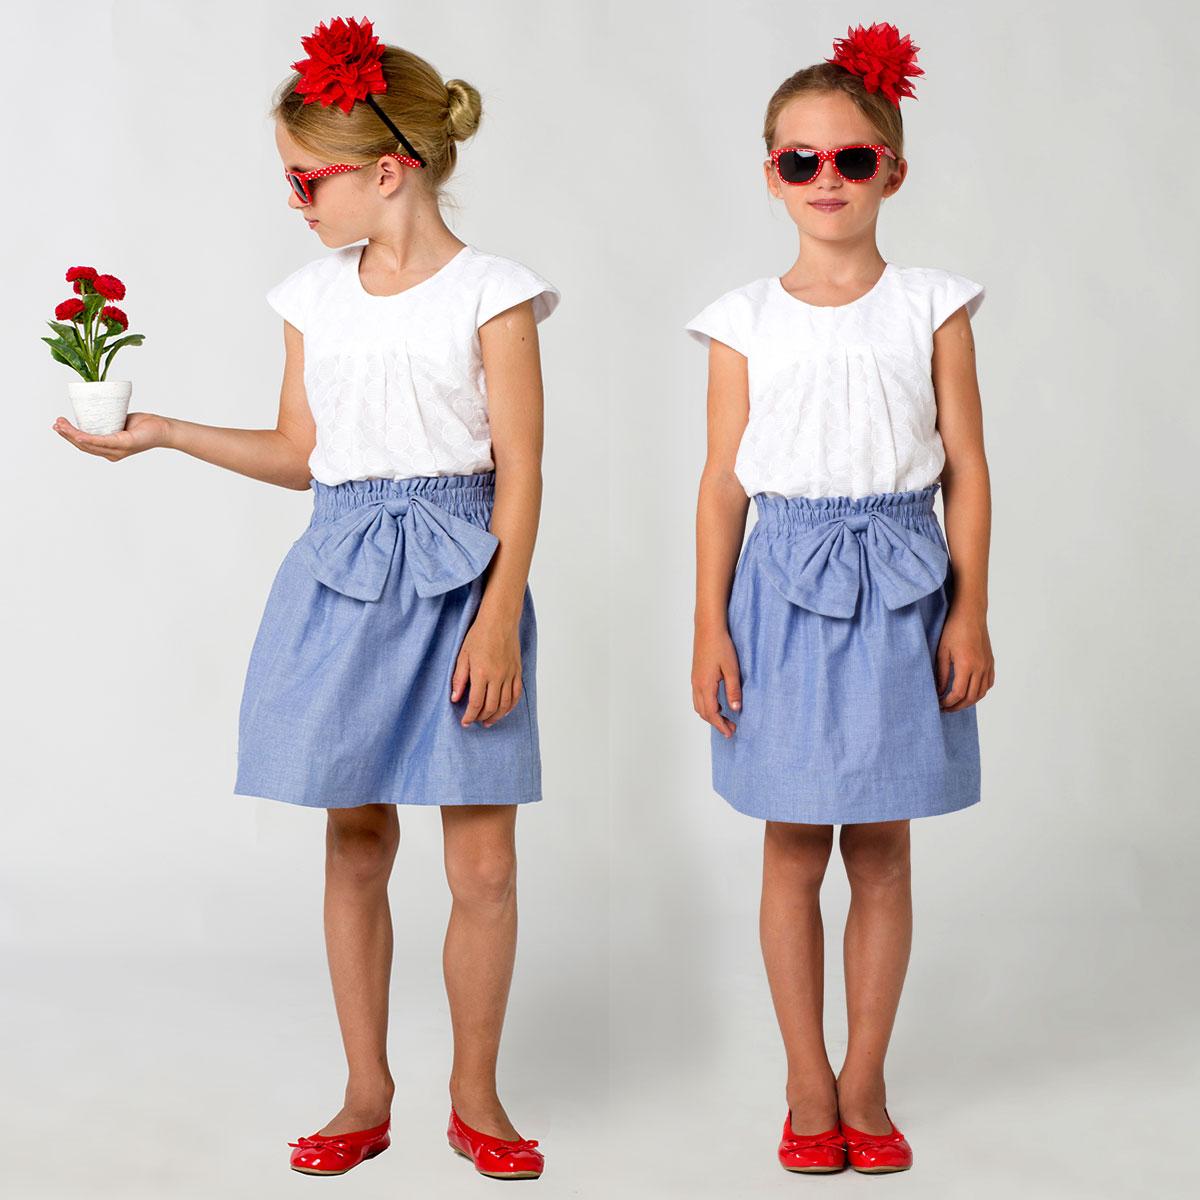 shorts-sewing-pattern-9
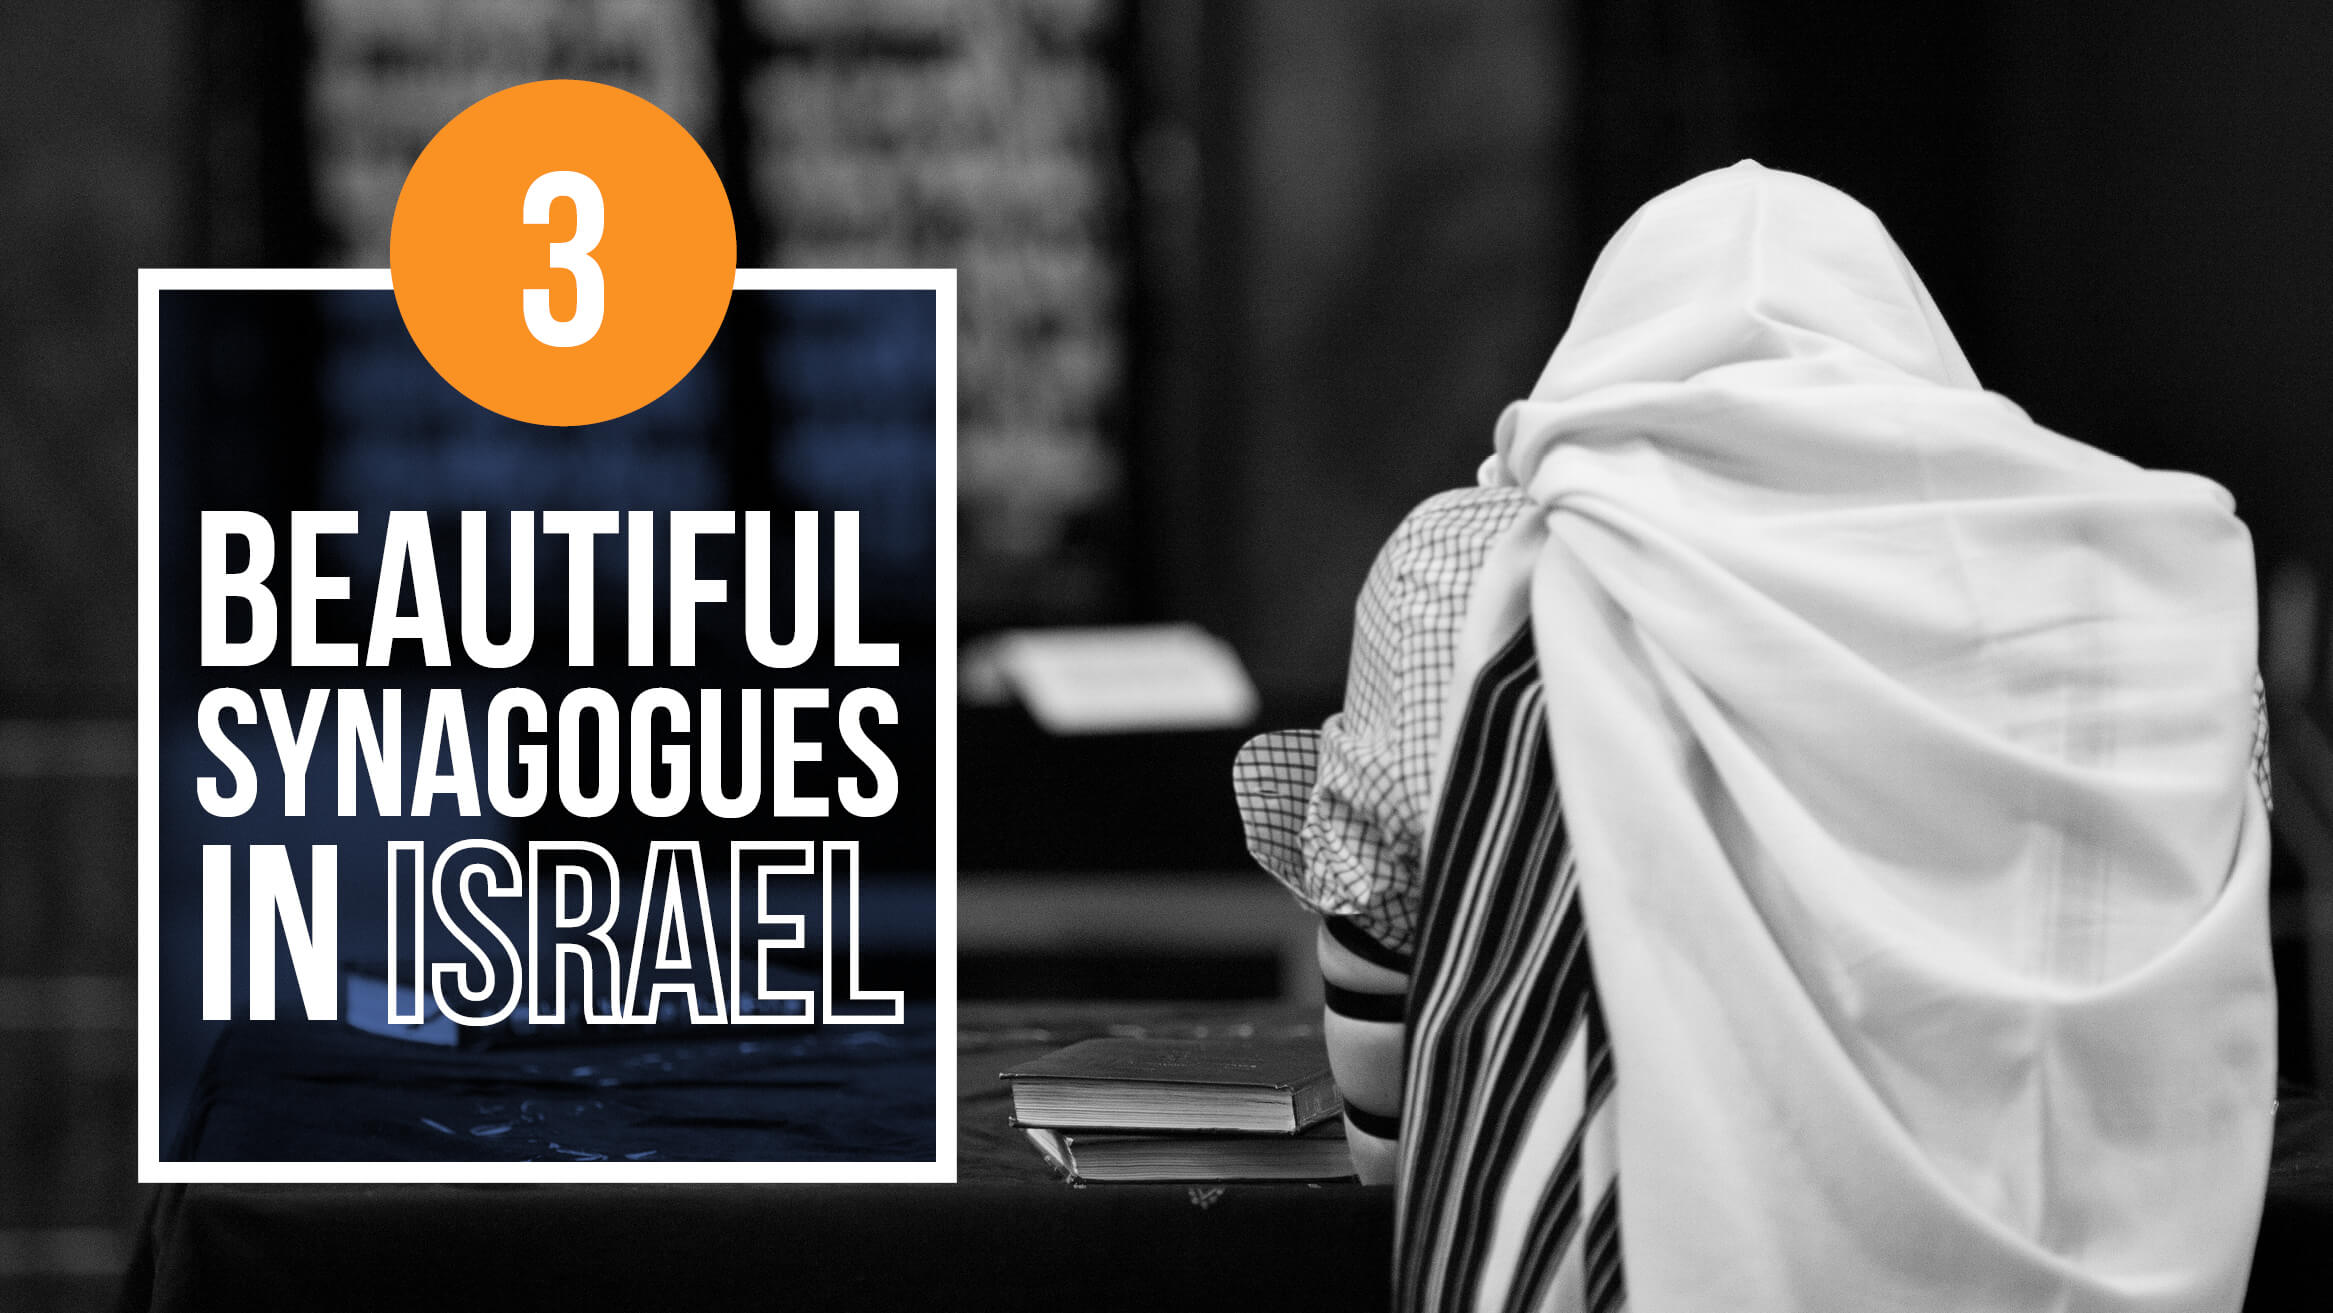 3 Beautiful Synagogues in Israel header
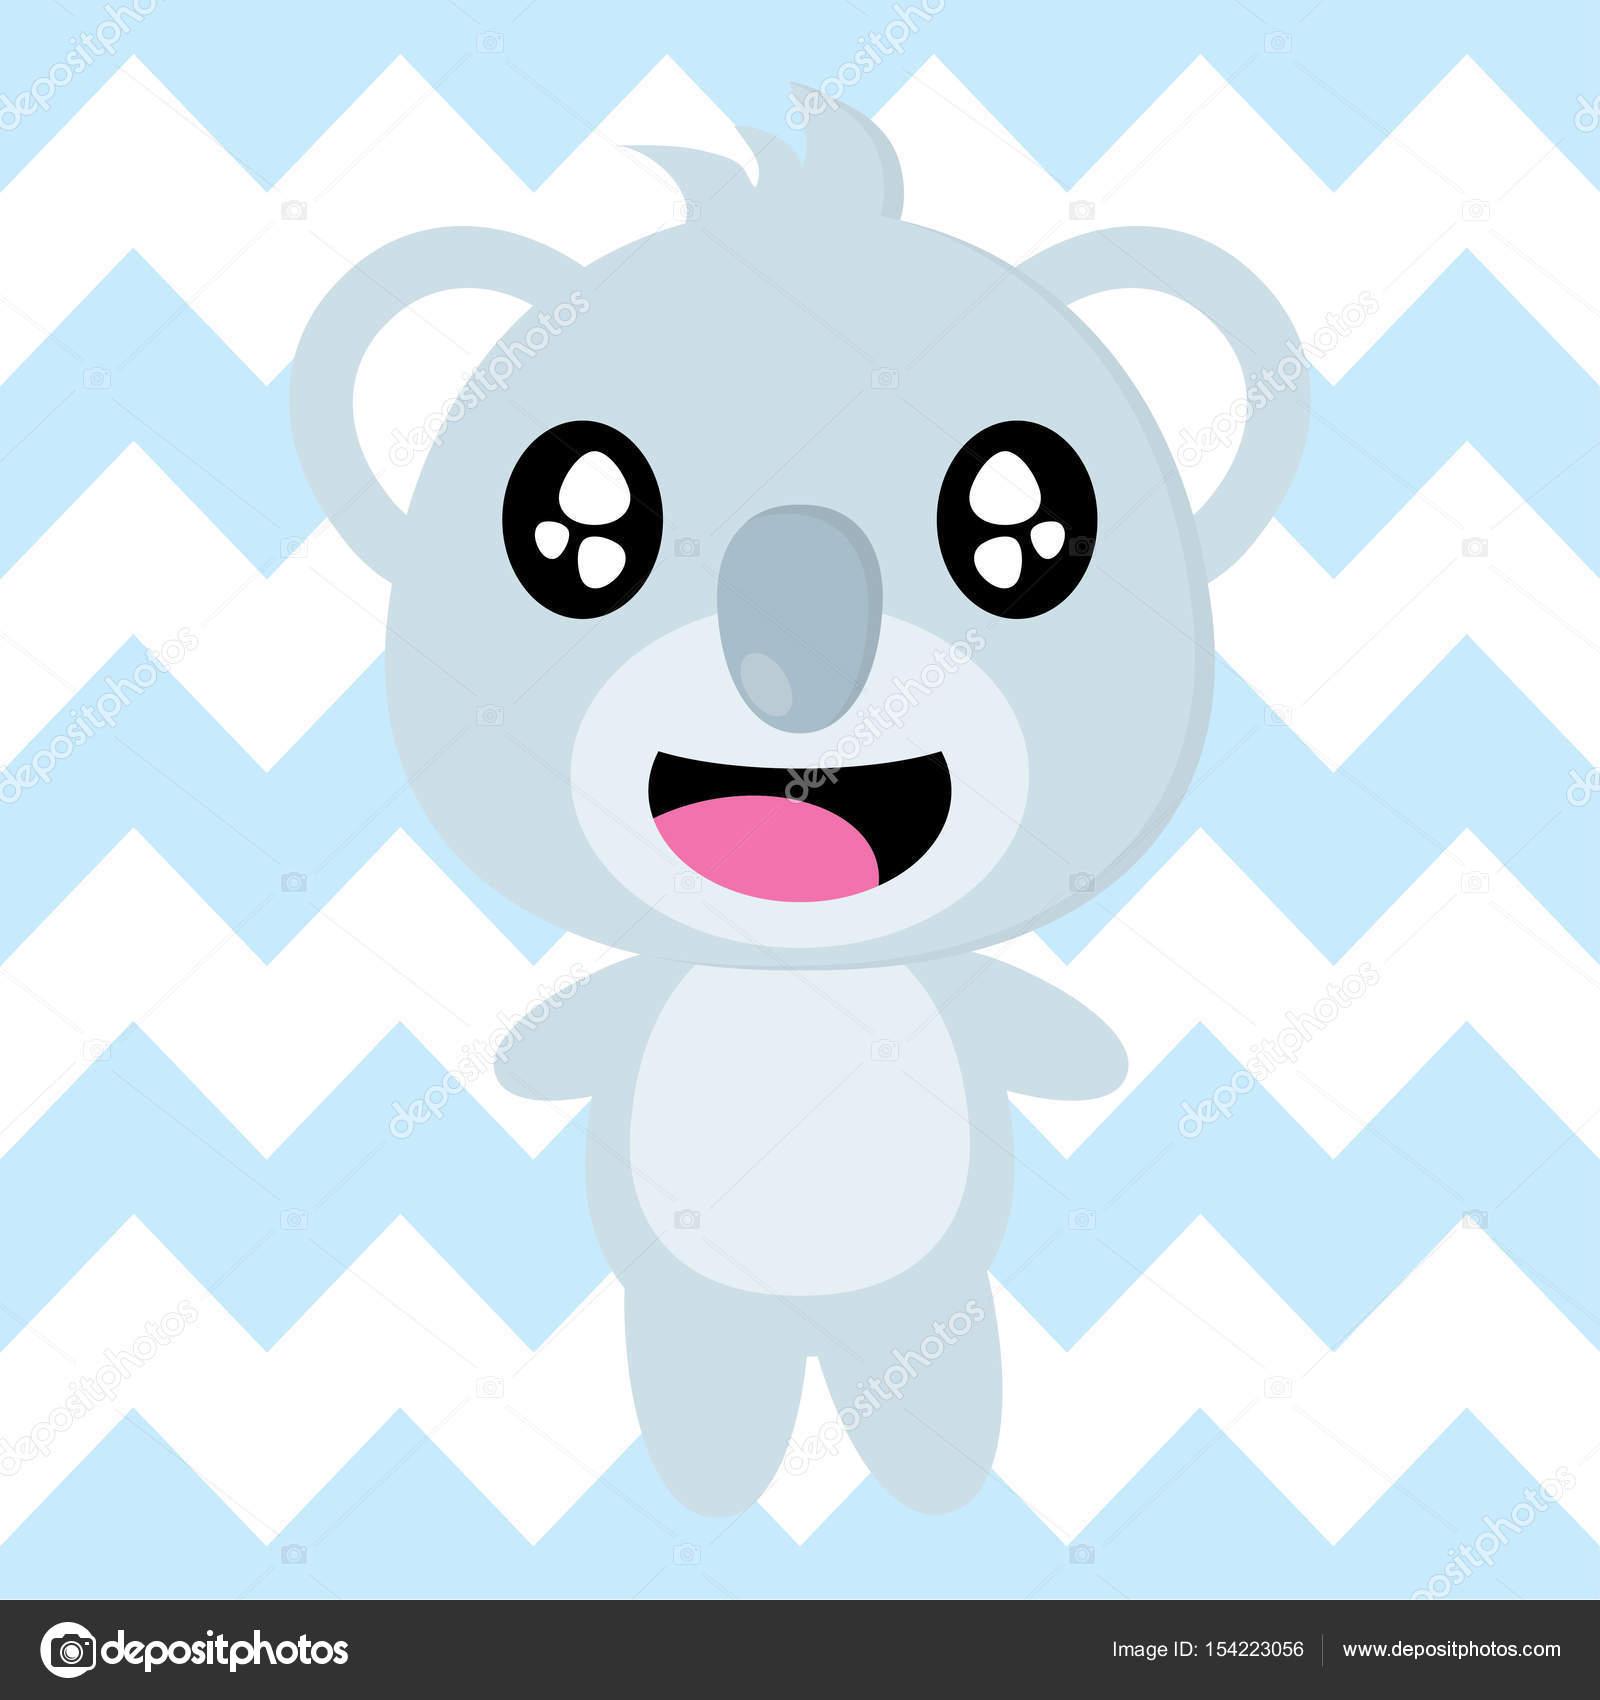 Download Wallpaper Koala Cartoon - depositphotos_154223056-stock-illustration-cute-koala-is-happy-on  Picture_431142   .jpg

# Activity
Find the line with "3 Beautiful Synagogues in Israel header". Reproduce it and every line after it through the last line above exactly, leaving out the pictures.

# Solved problem
 3 Beautiful Synagogues in Israel header
 Download Wallpaper Koala Cartoon - depositphotos_154223056-stock-illustration-cute-koala-is-happy-on  Picture_431142   .jpg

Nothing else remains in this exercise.